# Extra Ammunition for your CCW



## alucard (Mar 4, 2007)

I was just curious about how much ammunition, one carries with him or her (I don't have an CCW licence)? An extra magazine or speedloader? Or just what you have loaded in the firearm?


----------



## bruce333 (Sep 1, 2006)

When I carry a semi-auto, just what is in the gun. If I have a revolver with me I'll carry a couple speed strips.
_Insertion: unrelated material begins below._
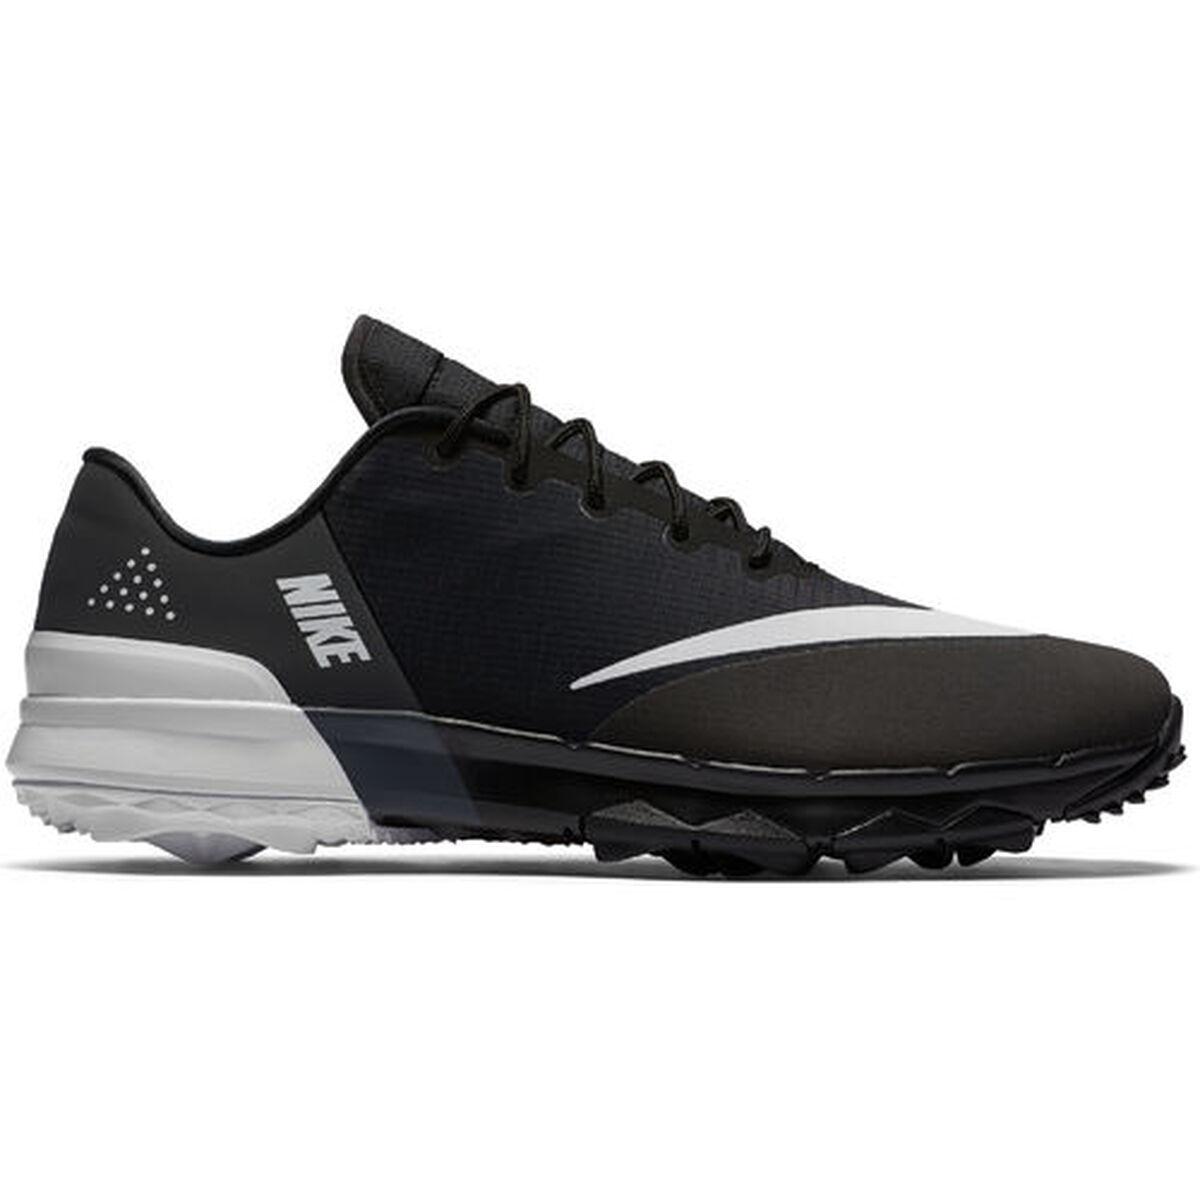 9ed75395ed21 Images. Nike FI Flex Men  39 s Golf Shoe - Black White

I've always got a pocket gun to back up the primary carry piece.:smt023


----------



## Revolver (Aug 26, 2006)

However much you want.


----------



## Mike Barham (Mar 30, 2006)

I normally carry one spare magazine. Open top mag carrier behind the weak hip.


----------



## milquetoast (Nov 25, 2006)

.45 auto - 1 spare mag
.38 snubby - 1 speed strip
Kel-Tec .32 - no extra ammo.

That sounds like the reverse of what I need, no? With a .45, I'm less likely to need extra ammo than with a .32. But, the only reason I carry a .32 is because I can't carry something bigger. If I had room for extra .32 ammo, I'd take the .38 snubby, and if I had room for more .38 ammo, I'd take the .45.


----------



## Old Padawan (Mar 16, 2007)

I allways carry one reload. Its a bit odd that if I carry a 12 round .40 cal I carry a spare mag totaling 24 rounds. If I carry a 6 shot revolver I carry 6 spare rounds.


----------



## Vom Kriege (May 5, 2006)

Typically one reload


----------



## Twolf (Jun 20, 2007)

I just load the max in my mag, my CC gun holds 10 rounds of 9mm. I don't think I'm gonna need more then that if I put most of the shots in the right place.


----------



## big dutchman (Jan 9, 2007)

two spare reloads for whatever i'm carrying. i have that whole paranoia thing going on...........


----------



## Guest (Jun 26, 2007)

I figure, if I walk down the street with no weapon,well,not too good. If I have a fully loaded weapon,(which I do) super! I guess one can never be too cautious.But if you let loose with just one round, right or wrong, you got some answerin ta dne or two clips + a back up, a running gun battle? Possible,I guess. A cwp is for the old 'in yer face' need. I carry for comfort as well. Just my opinion.


----------